:: Supplied information ::
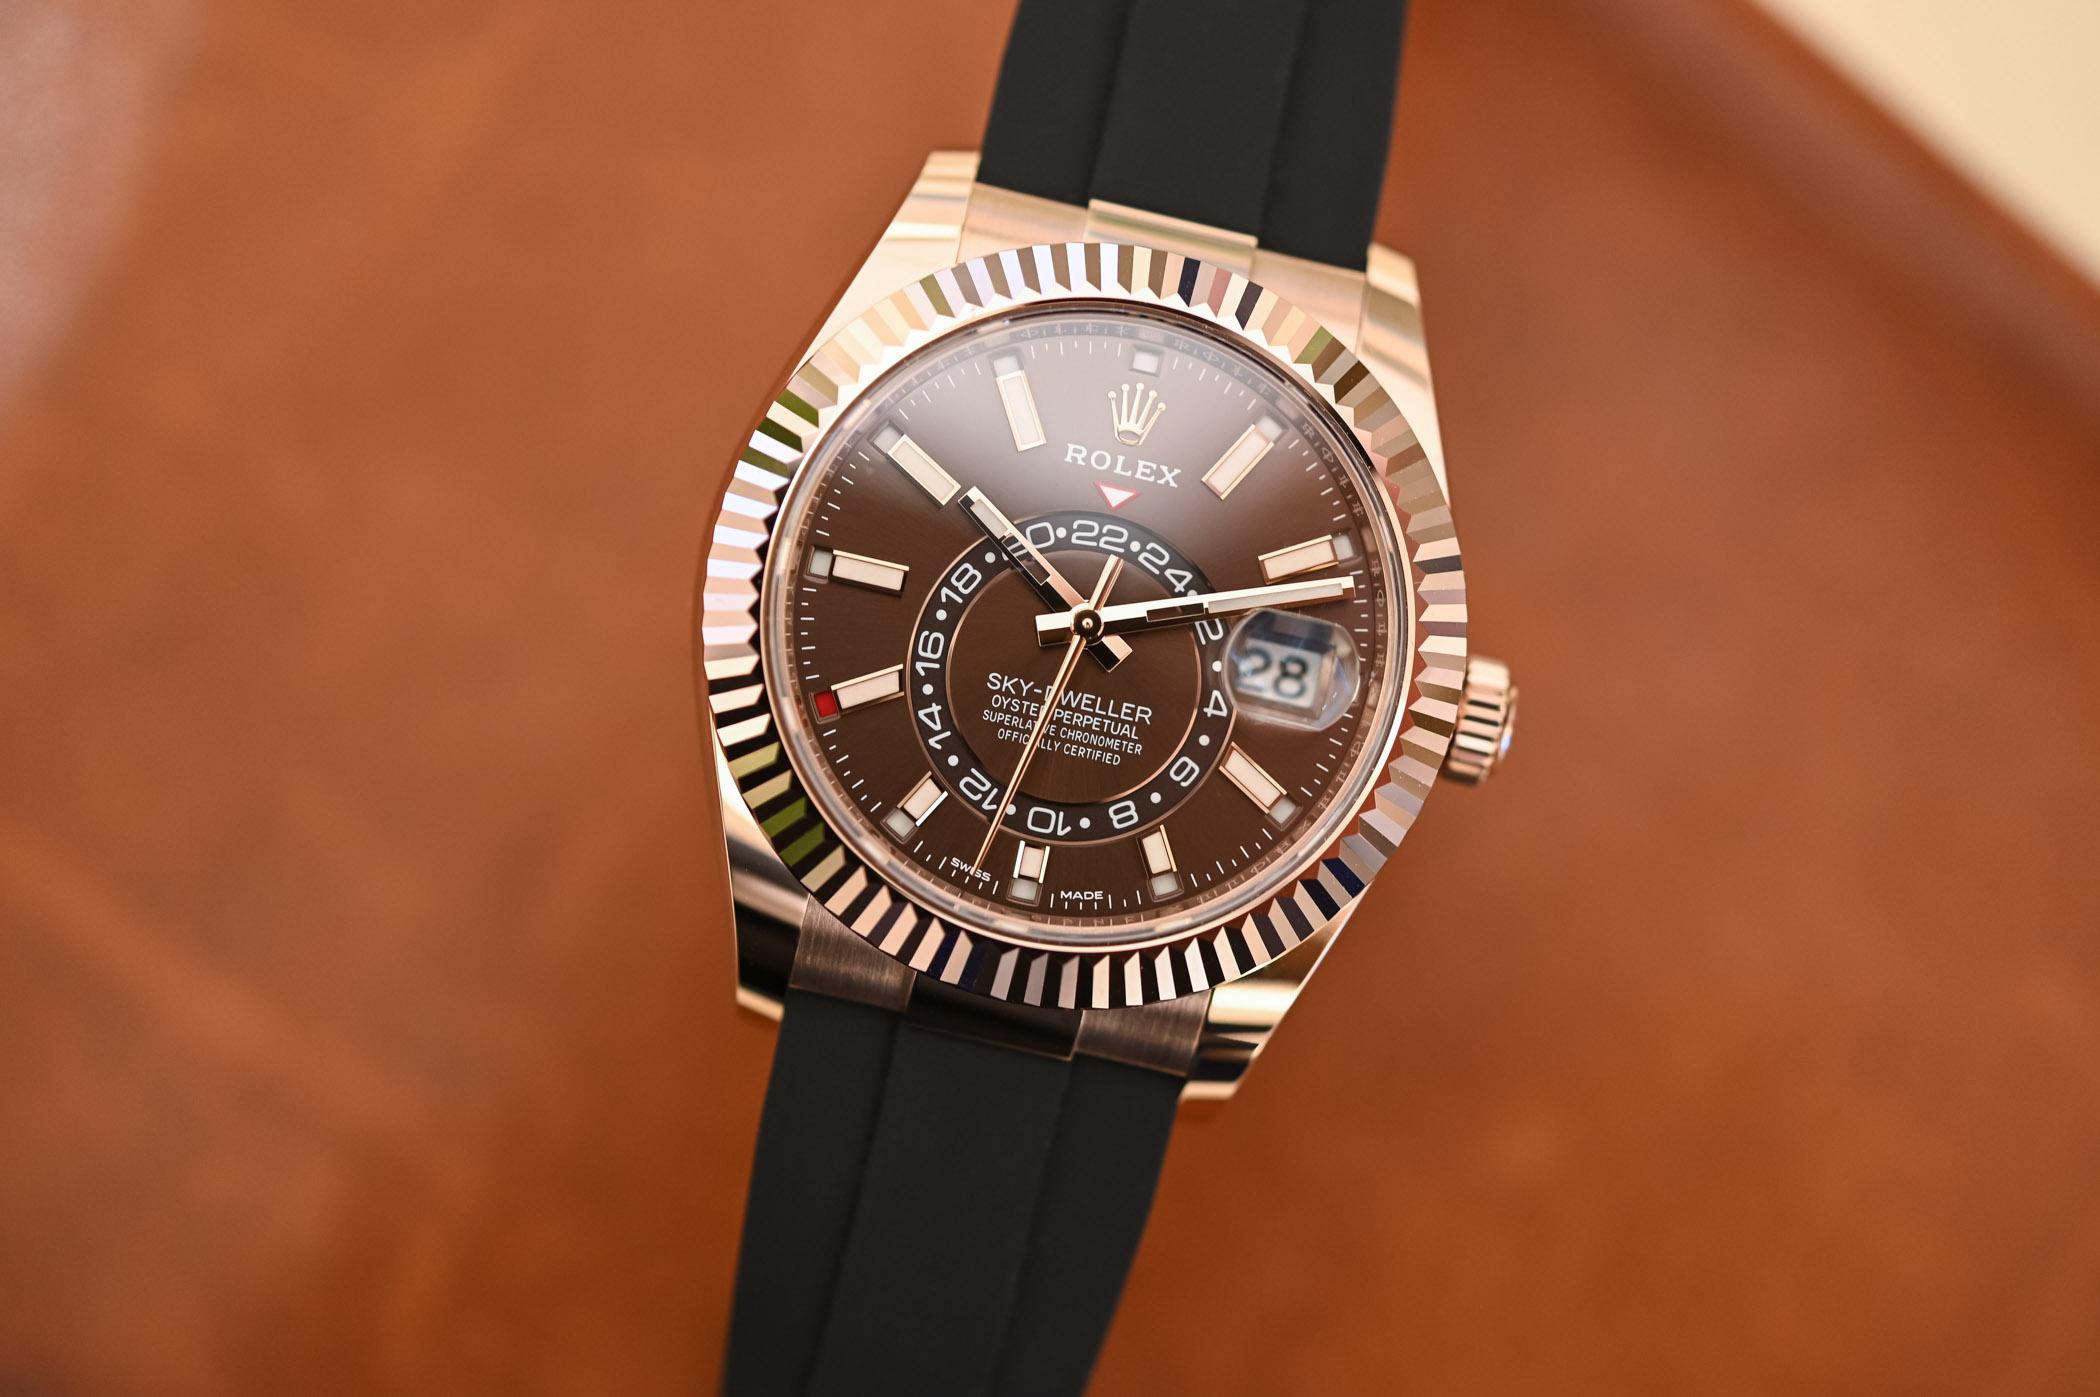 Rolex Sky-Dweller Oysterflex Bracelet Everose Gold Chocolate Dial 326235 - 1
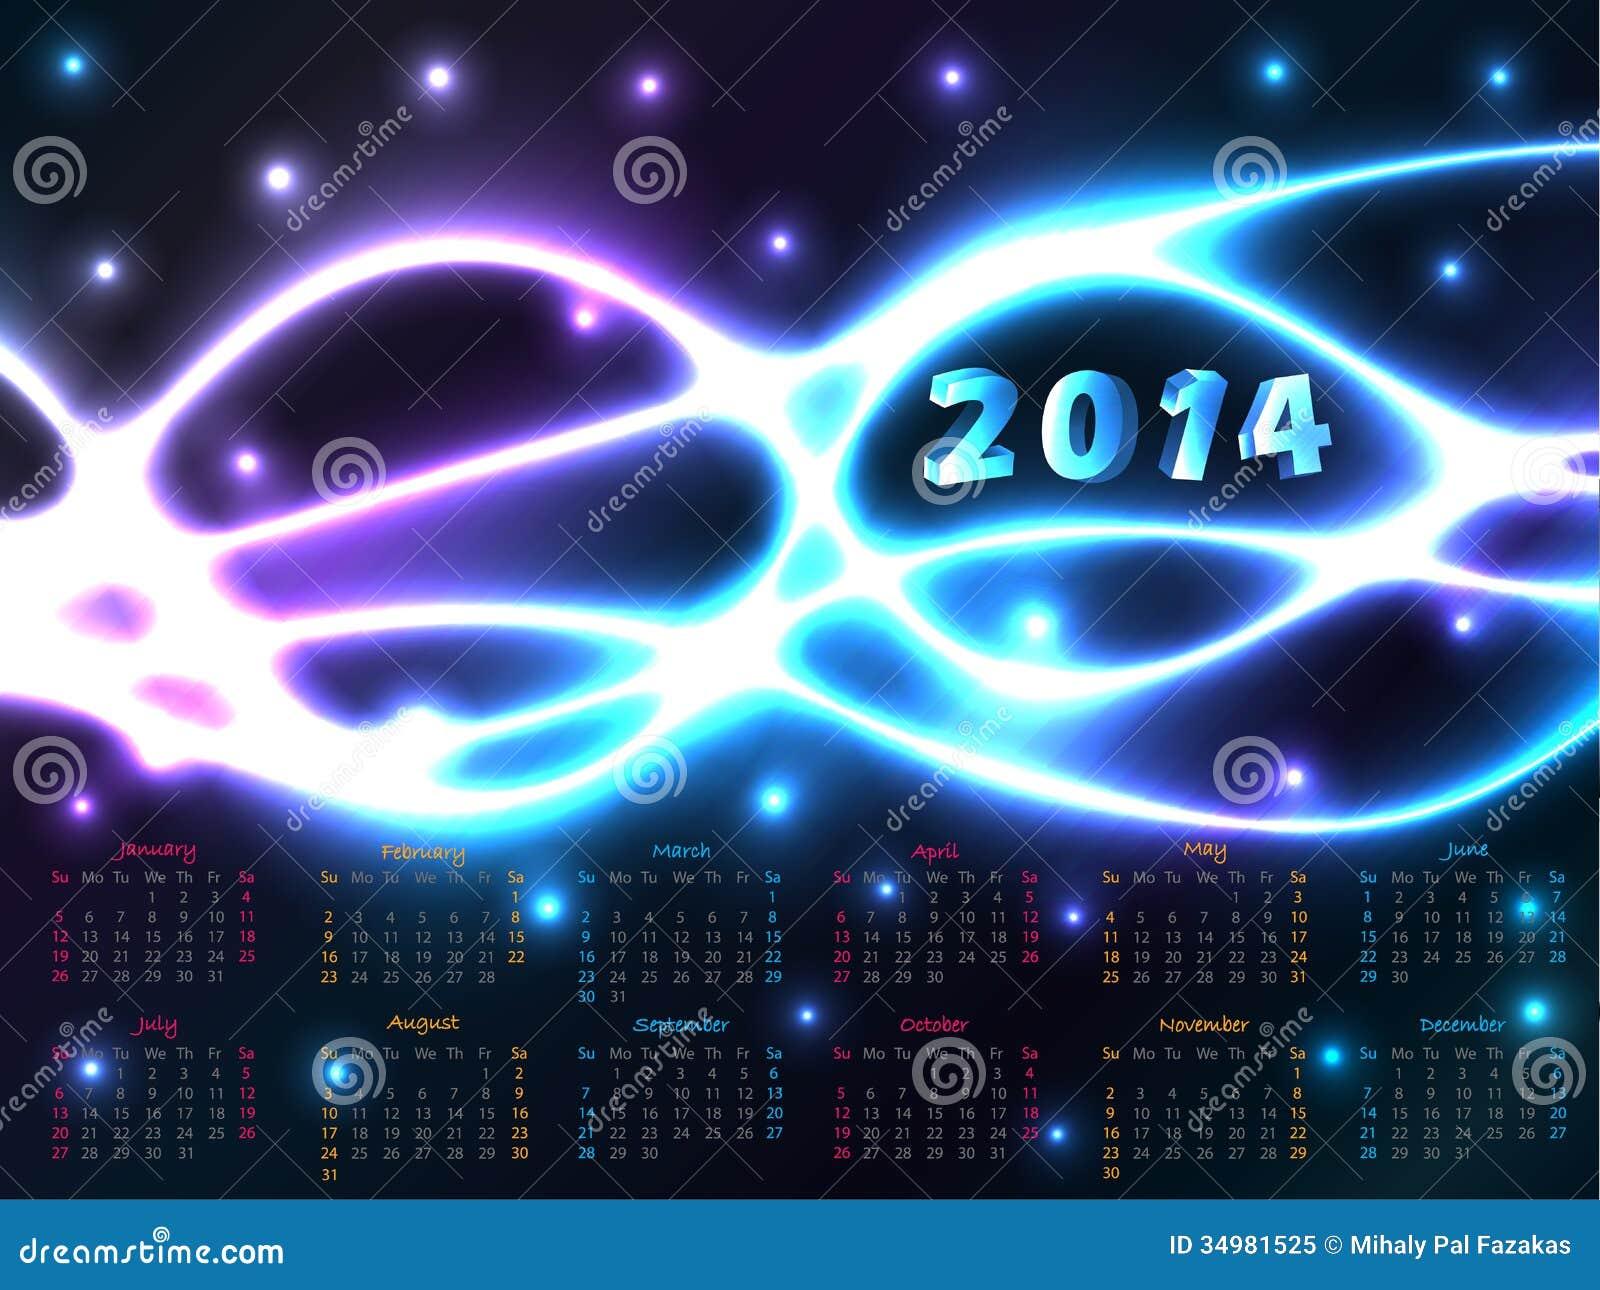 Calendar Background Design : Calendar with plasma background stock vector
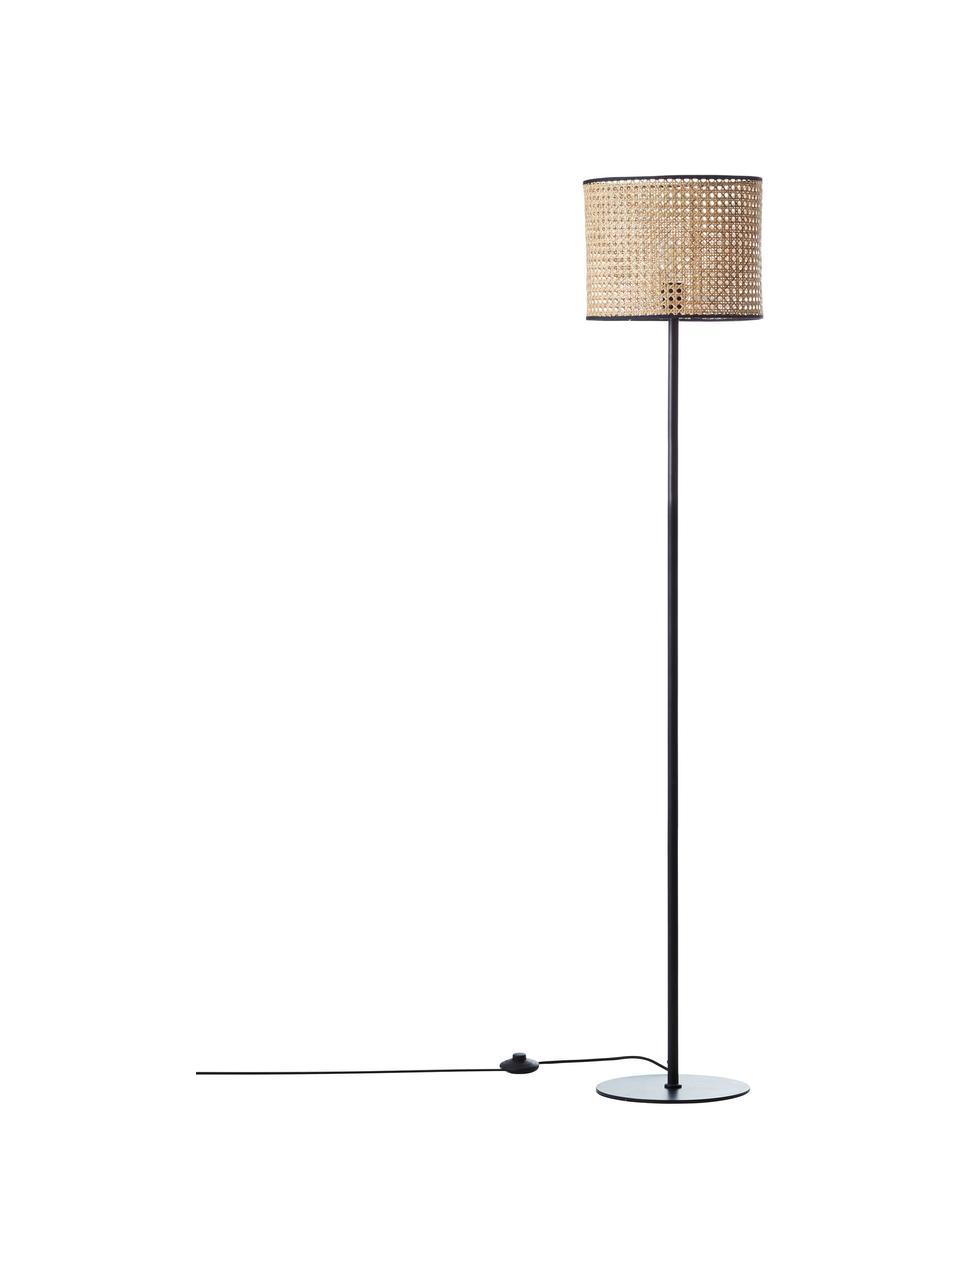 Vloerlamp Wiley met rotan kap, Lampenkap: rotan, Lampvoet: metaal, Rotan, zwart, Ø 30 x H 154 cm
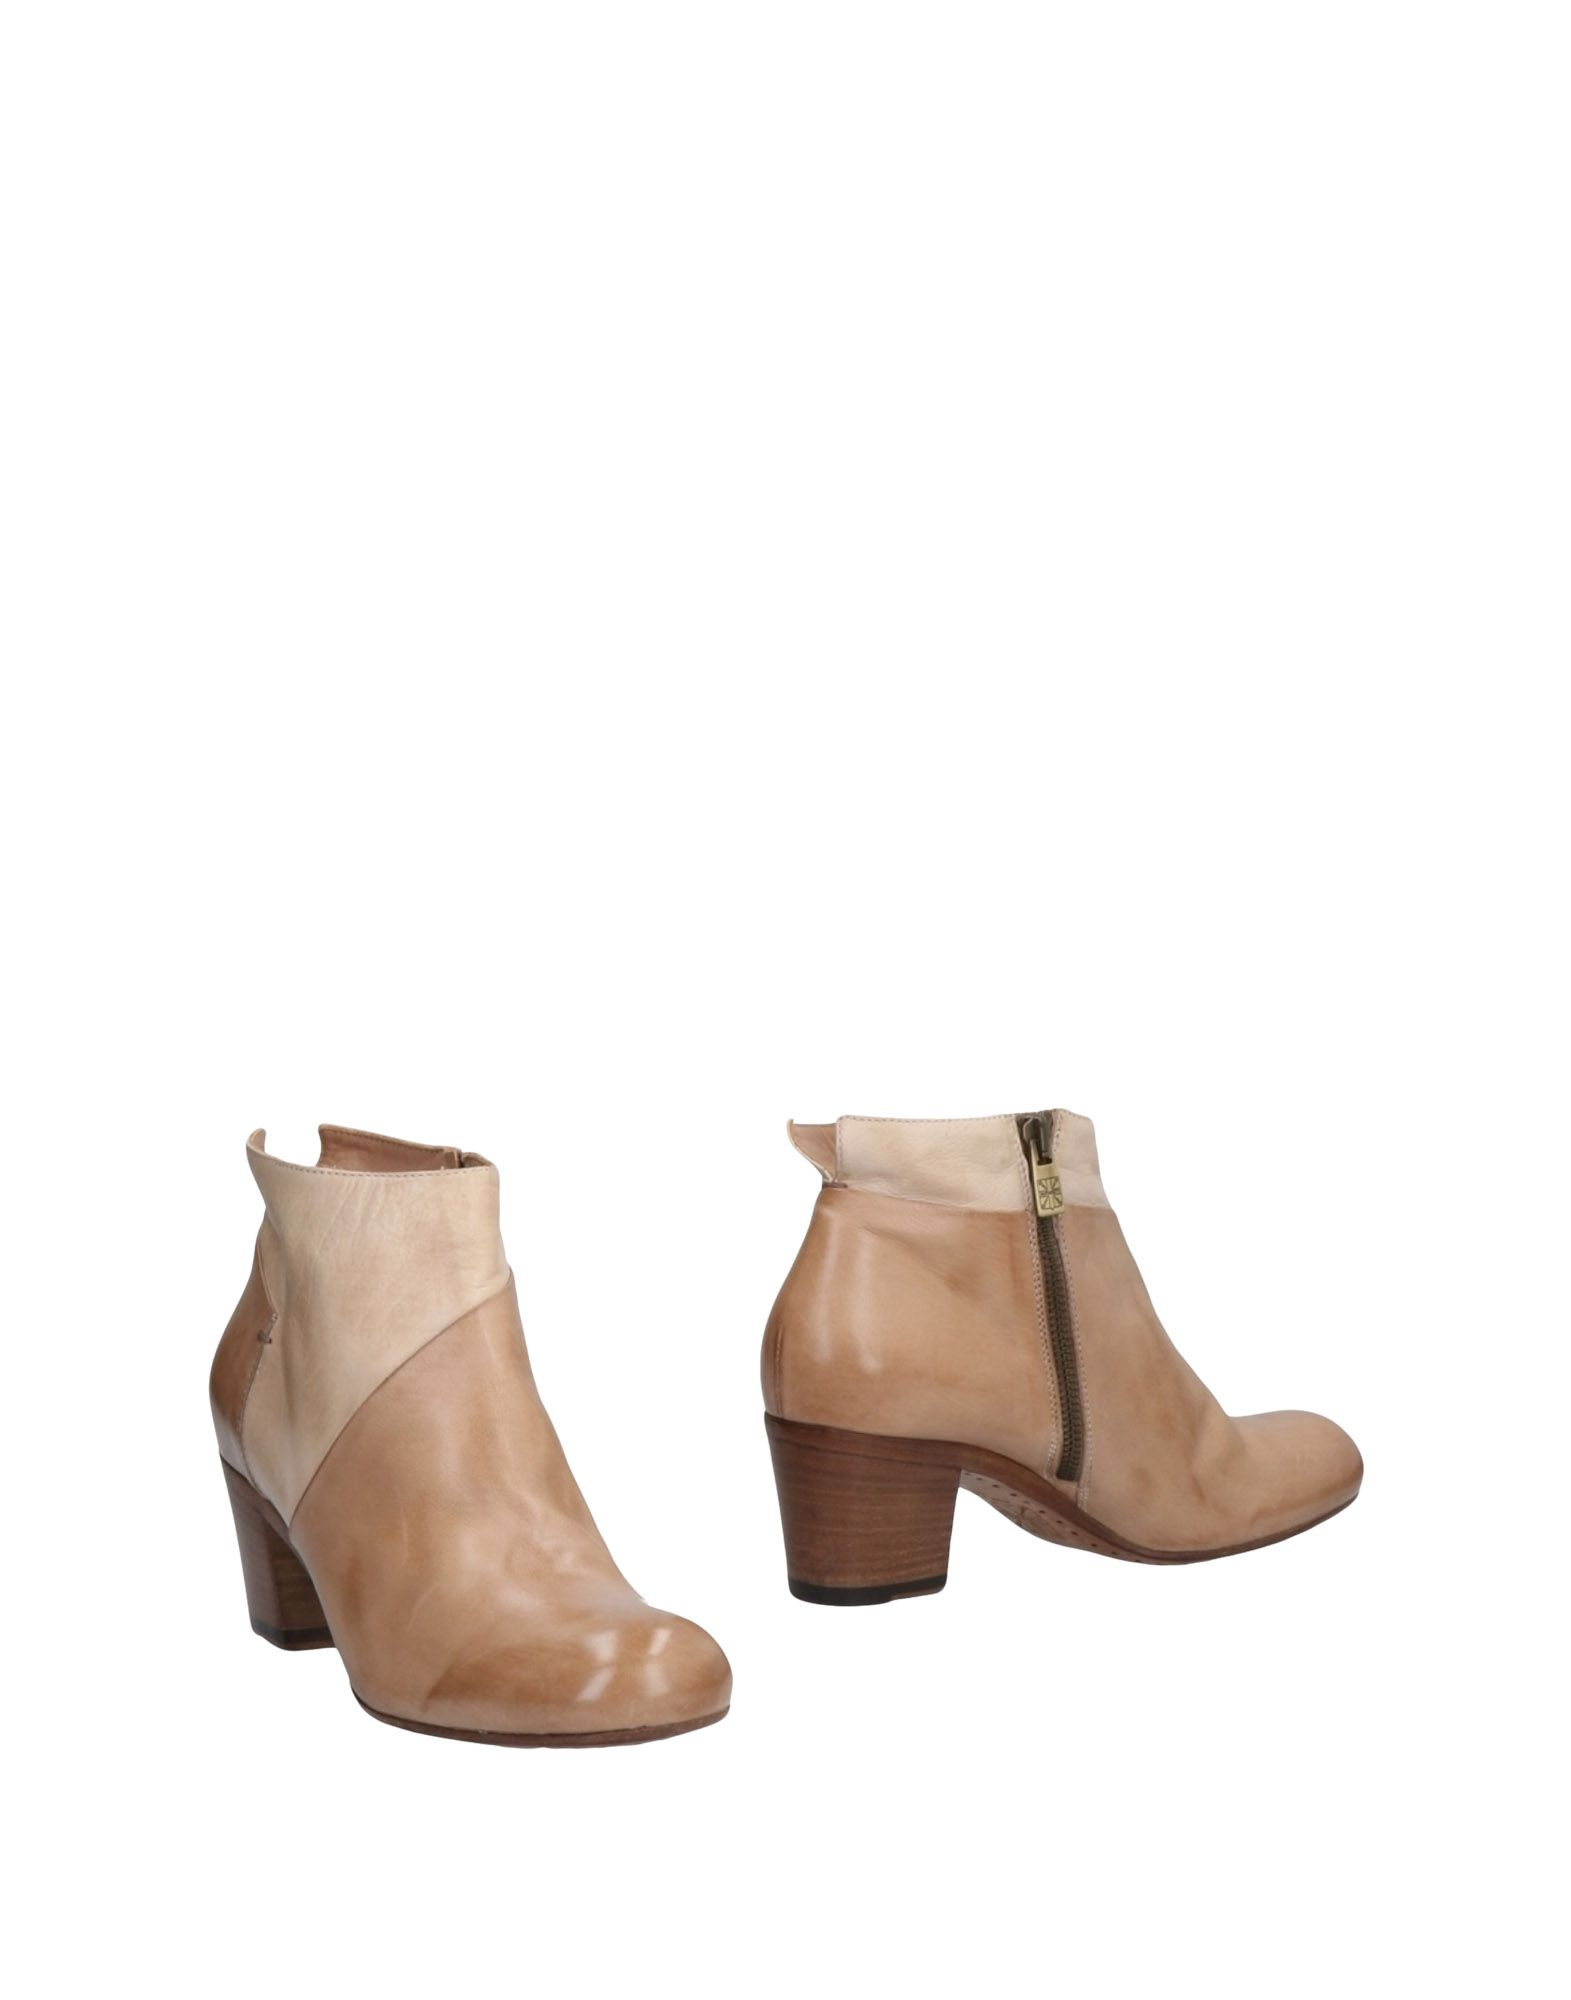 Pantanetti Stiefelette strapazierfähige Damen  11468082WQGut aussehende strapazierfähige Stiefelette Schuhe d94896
:::
* **What to work on**
Beginning with the line that contains "Calendar Background Design" and ending with the last line of the data, restate each line word for word. Exclude the pictures.

* **Worked solution**
 Calendar Background Design : Calendar with plasma background stock vector
 Vloerlamp Wiley met rotan kap, Lampenkap: rotan, Lampvoet: metaal, Rotan, zwart, Ø 30 x H 154 cm
 Pantanetti Stiefelette strapazierfähige Damen  11468082WQGut aussehende strapazierfähige Stiefelette Schuhe d94896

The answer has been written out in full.